Immunoblotting analysis of TNF-α and IL-1β in the kidneys of sham veh, I/R veh, and I/R OA-NO2 mice. A: representative blots for TNF-α and IL-1β. α-Tubulin served as a loading control. B: densitometric analysis of TNF-α protein. C: densitometric analysis of IL-1β protein. Values are means ± SE; n = 3/group. Densitometric data were generated from 1 representative of 2–3 separate experiments.
Renal oxidative stress.
Renal p47phox and gp91phox were 24.5- and 2.0-fold greater, respectively, in I/R vehicle-treated vs. sham vehicle-treated mice (Fig. 6). While the increase in p47phox (15.5-fold) and gp91phox (1.2-fold) was greater in I/R OA-NO2 vs. sham vehicle-treated mice, it was less severe compared with I/R vehicle-treated animals (Fig. 6). The levels of kidney TBARS, an index of lipid peroxidation, were significantly elevated in I/R vehicle-treated vs. sham vehicle-treated mice and were almost completely normalized in I/R OA-NO2 mice (Fig. 6). These data suggest that OA-NO2 lessened NADPH oxidase subunit activation and ROS generation in response to I/R.
Fig. 6.
Real-time RT-PCR analysis of the expression of p47phox (A) and gp91phox (B) and measurements of thiobarbituric acid-reactive substances (TBARS) in the kidneys of sham veh, I/R veh, and I/R OA-NO2 mice. Values are means ± SE. Sham veh: n = 5; I/R veh: n = 6; I/R OA-NO2: n = 6.
Effect of a single injection of OA-NO2.
Of note, the above-discussed data were all obtained with multiple ip injections of OA-NO2 (500 μg/kg every 6 h). We also examined the effect of a single ip injection of OA-NO2 (2 mg/kg) on I/R-induced renal dysfunction. Compared with I/R vehicle-treated mice, the I/R OA-NO2 (single injection) mice had a modest attenuation of the increase in plasma BUN and creatinine, but this did not reach statistical significance (plasma BUN: 202.8 ± 3.9 vs. 163.8 ± 15.8 mg/dl, P > 0.05; plasma creatinine: 2.8 ± 0.1 vs. 2.0 ± 0.5 mg/dl, n = 4, P > 0.05). These findings suggest that multiple injections are likely required to produce the full beneficial effect of OA-NO2 at least in the mouse model of renal I/R injury.
Effect of OA on I/R-induced renal injury.
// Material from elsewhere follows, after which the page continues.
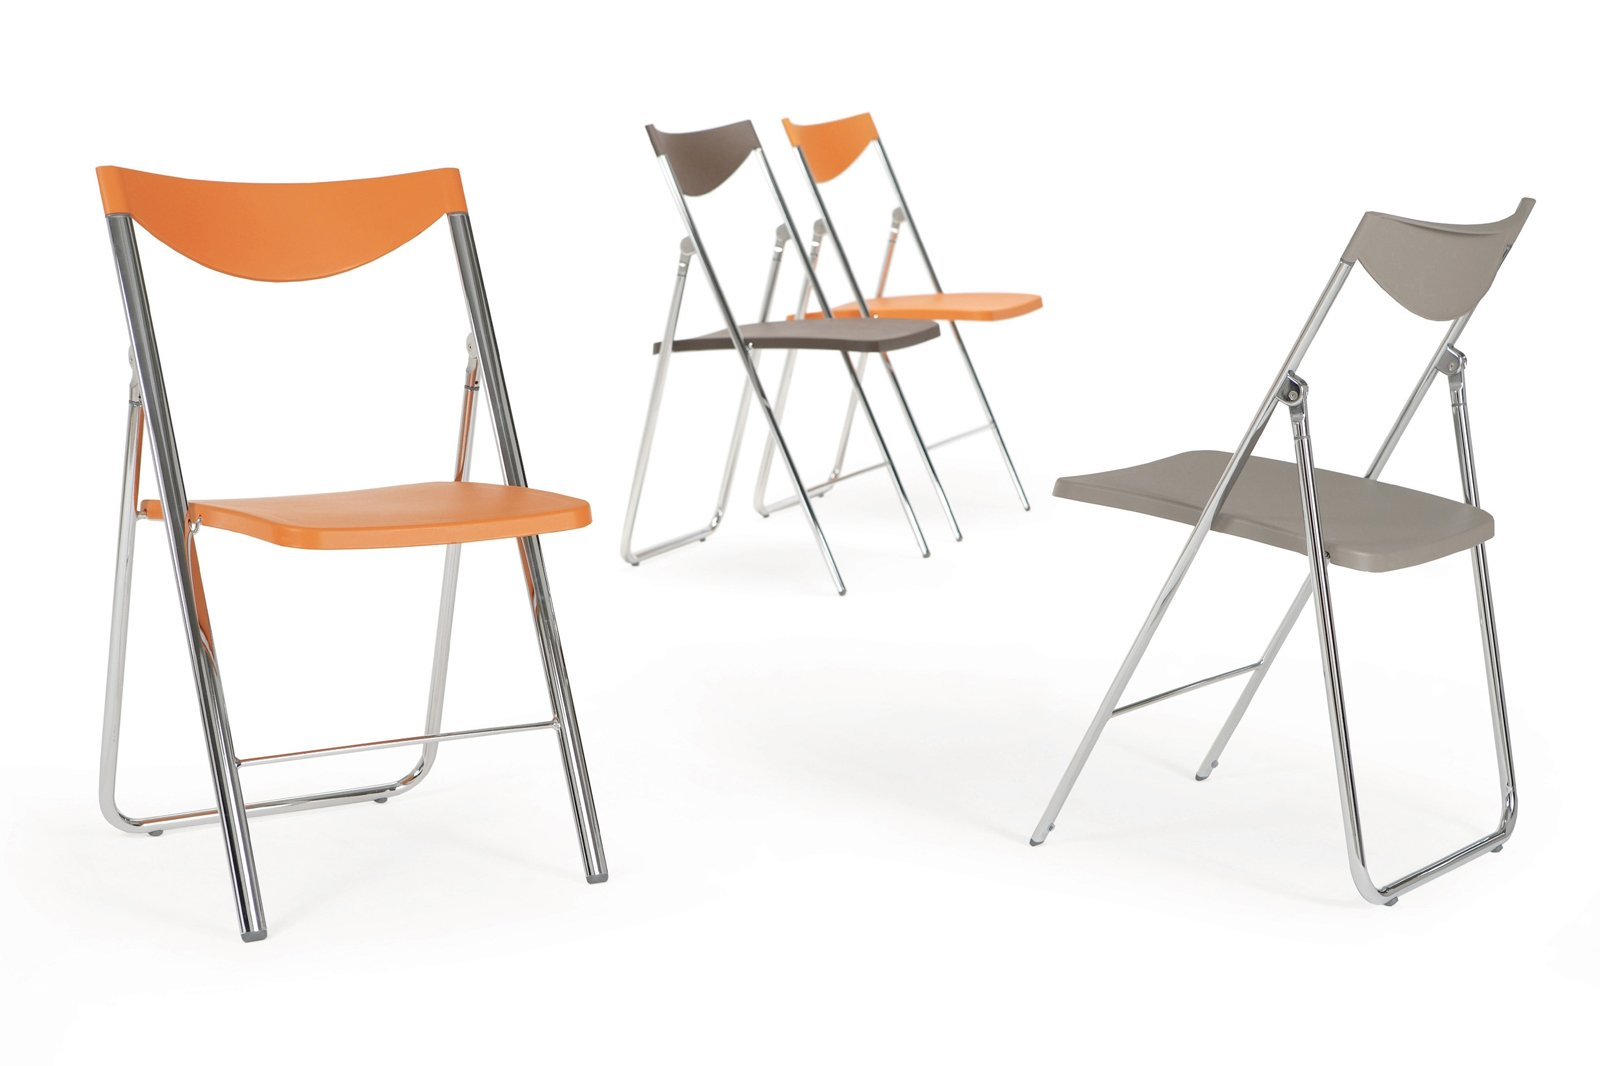 Sedie low cost 15 modelli a meno di 100 euro cose di casa - Sedia pieghevole design ...
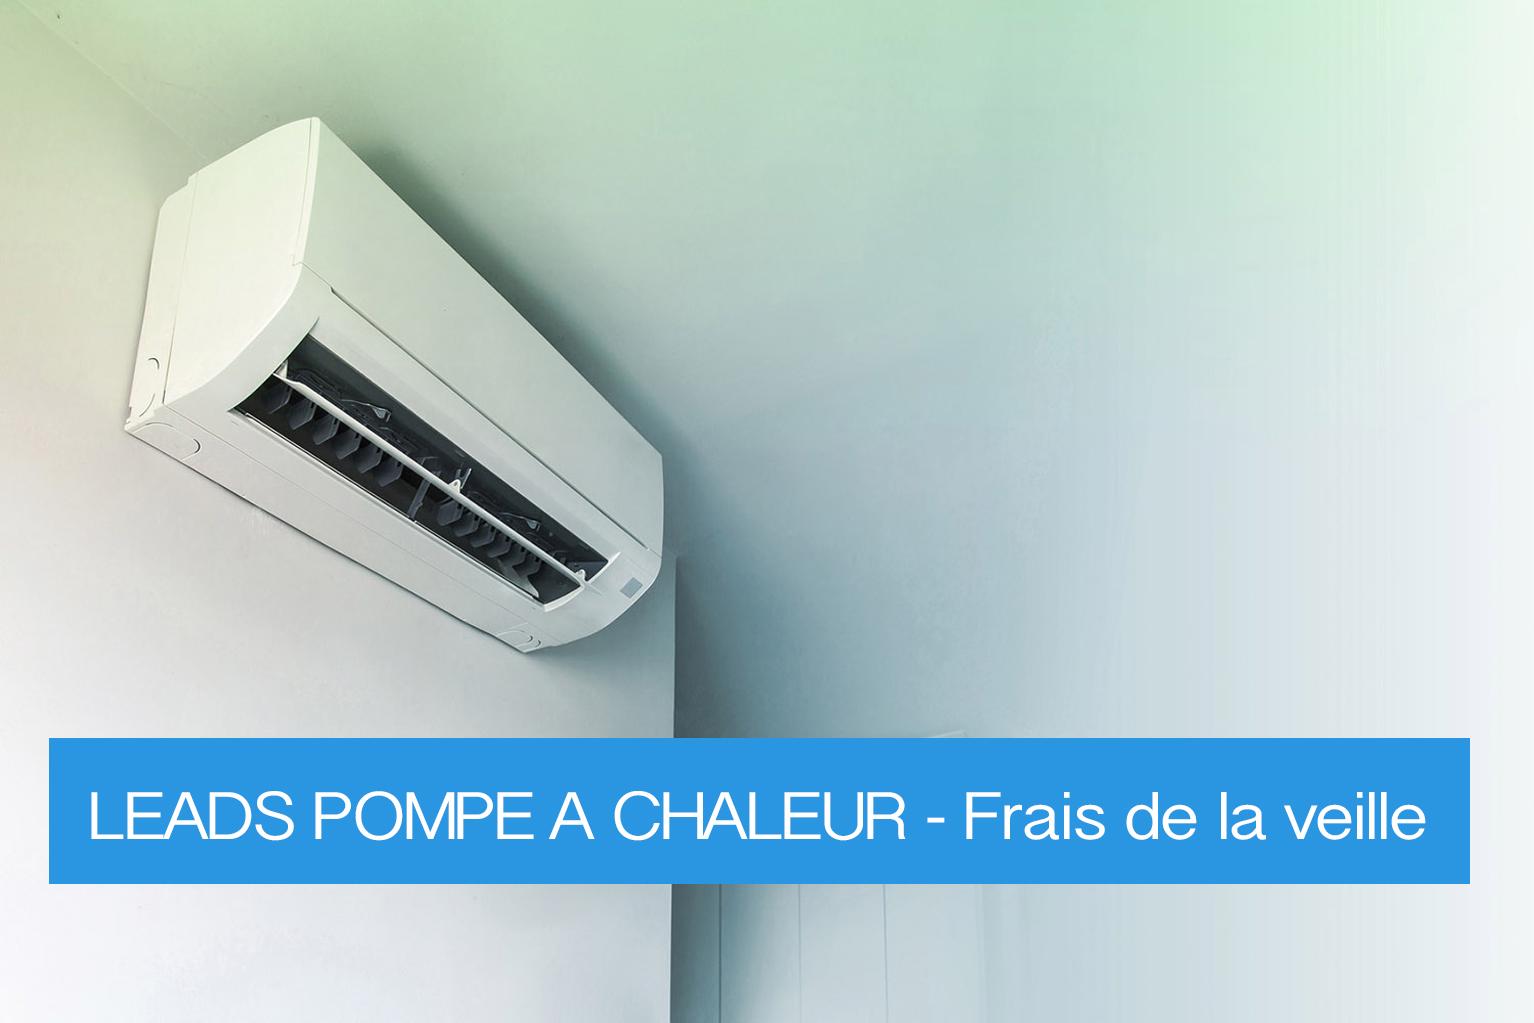 leads pompe à chaleur

These experiments determined whether the protective effect of OA in response to renal I/R is specific to the nitrated (i.e., OA-NO2) or native form (i.e., OA). Functional (Fig. 7) and histological (Fig. 8) indices of renal dysfunction were similar in kidneys from I/R vehicle-treated and I/R OA-treated mice, documenting the lack of renoprotection with OA.
Fig. 7.
Effects of oleic acid (OA) on renal dysfunction in mice subjected to I/R. Shown are plasma BUN (A) and Cr (B) in sham veh, I/R veh, and I/R OA mice. Male 3-mo-old B6129SF2/J mice were subjected to bilateral renal ischemia for 30 min by clamping of the renal artery, followed by reperfusion. One hour after the ischemia, vehicle (I/R veh) or OA (I/R OA) was administered at 500 μg/kg every 6 h via intraperitoneal injection. Of note, the sham veh and I/R veh mice in these experiments were separate from those described in Fig. 1. Twenty-four hours after I/R, the animals were killed for evaluation of renal injury. Values are means ± SE; n = 5/group.
Fig. 8.
A: representative photomicrographs (hematoxylin and eosin staining, magnification ×200 and ×400) of renal cortex of the kidneys of sham veh, I/R veh, and I/R OA mice. B: semiquantitative analysis of histological appearance. Values are means ± SE; n = 5/group.
DISCUSSION
NO2-FA, notably nitroalkene derivatives of LNO2 and OA-NO2, are recently identified as endogenous signaling molecules; they are detected at micromolar concentrations in healthy human plasma (4). In vitro evidence suggests that these nitrated lipids possess potent anti-inflammatory properties and also function as endogenous PPARγ ligands (4, 38), suggesting their therapeutic potential for an array of human diseases, such as inflammatory diseases. In the present study, we tested the hypothesis that OA-NO2 attenuates injury in a mouse model with 30 min of bilateral renal ischemia and 24 h of reperfusion. Functional and histological indices of glomerular dysfunction, renal PMN infiltration, proinflammatory cytokines, and indices of oxidative stress were less severe in mice treated with OA-NO2 compared with those wherein vehicle or OA was administered during reperfusion. Of note, this observation was made with delayed administration of OA-NO2, which is of clinical importance since, in a clinical setting, ARF is usually diagnosed after the insult has already occurred. To our knowledge, these data provide the first evidence that OA-NO2 protects from renal I/R injury in the mouse.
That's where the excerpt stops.